Middleton continued to find the farmer’s death more interesting than that of the woman in front of him. ‘It’s not unknown for shotgun suicides to take off their shoe and sock and press the trigger with their big toe. That didn’t happen in this case.’
The words were lost on Diamond. Mentally he was yet another remove from here, up the A46 and across the motorway at Gladstone’s farm. The scene in the cottage came back vividly. He pictured the position of the chair and the chalked outlines of the farmer’s feet. How he wished he had seen it before the body was taken away.

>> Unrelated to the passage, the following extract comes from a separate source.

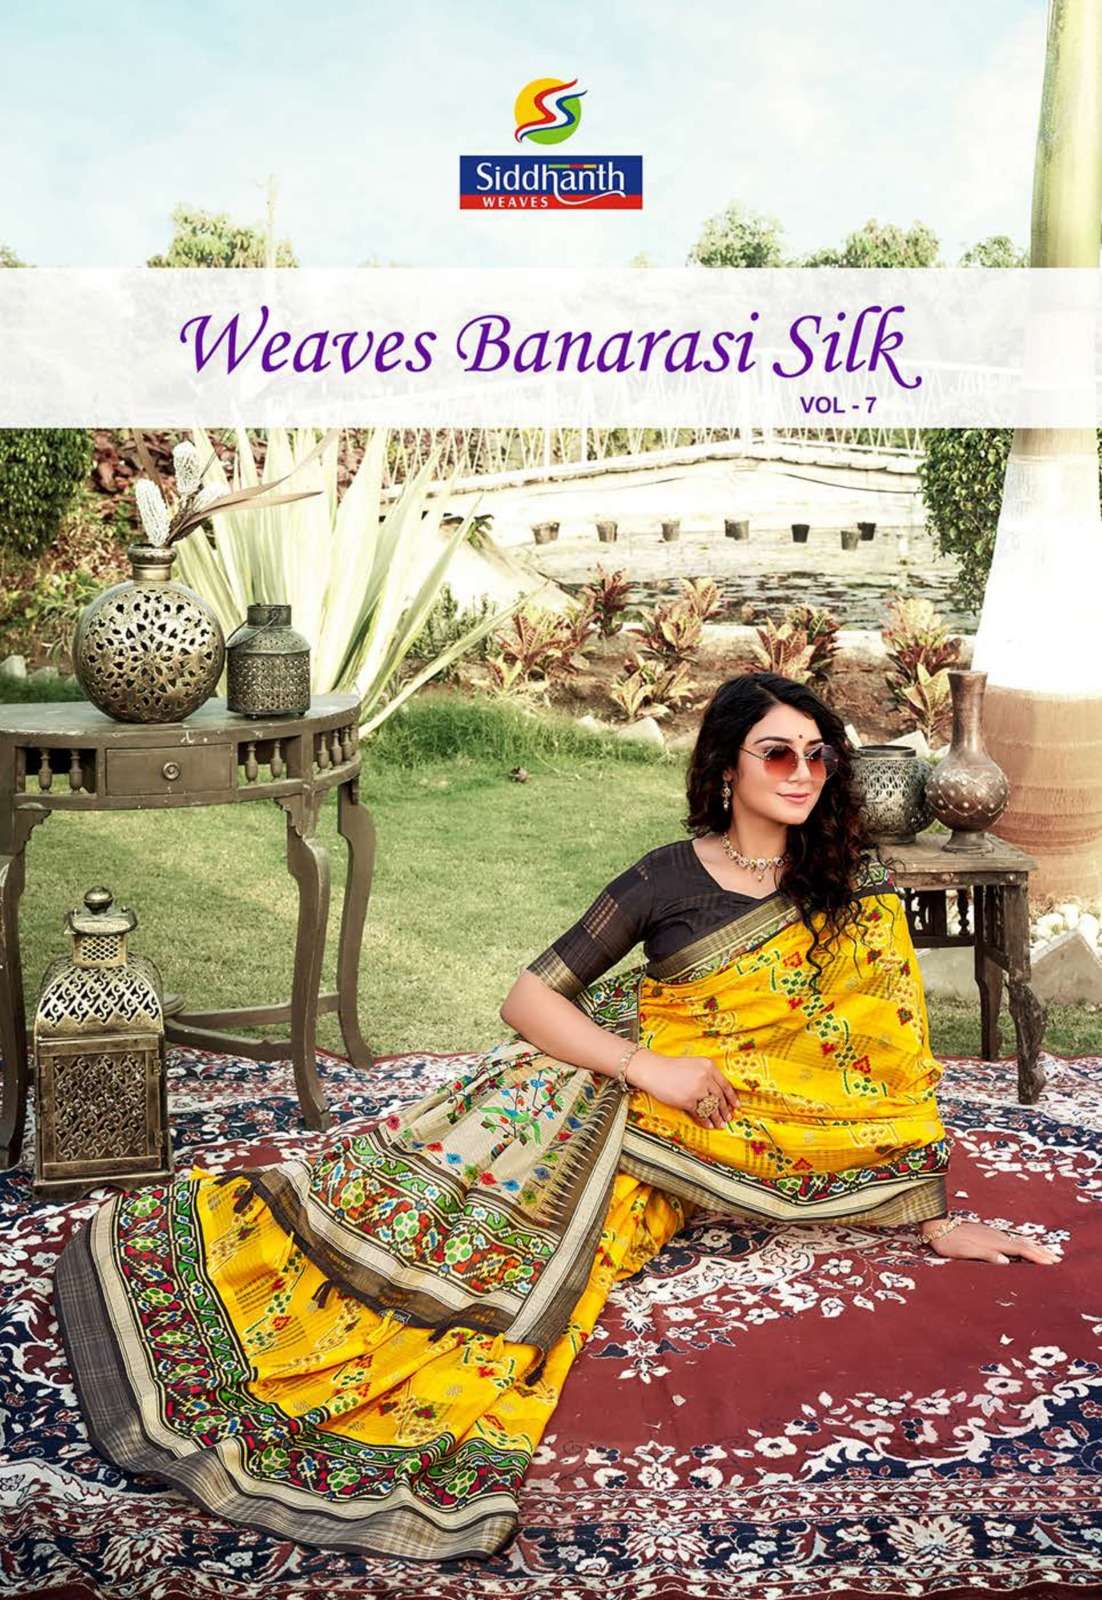 weaves banarasi silk vol 7 by siddhanth weaves authorized saree seller at wholesale

He made a mental note to look at the photos, for he had thought of another problem with the suicide. He brooded on the matter for a long time, going over it repeatedly, pondering the way it was done. If you are about to blow your brains out, do you choose the most simple way? In that state of mind, are you capable of taking practical decisions?
Such was his concentration that he didn’t get much involved in the activity at the dissecting table.
When he emerged from the reverie, he heard Middleton saying, ‘…nothing inconsistent with a fall from a considerable height. Obviously we’ll see what Chepstow have to say about the samples, but them’s me findings for what they’re worth, ladies and gentlemen, and unless you have any questions I recommend an early lunch.’
The early lunch was part of the patter, a pay-off that the pathologist took a morbid pleasure in inflicting. Judging by the queasy looks around the table it would be a long time before his audience could face anything to eat.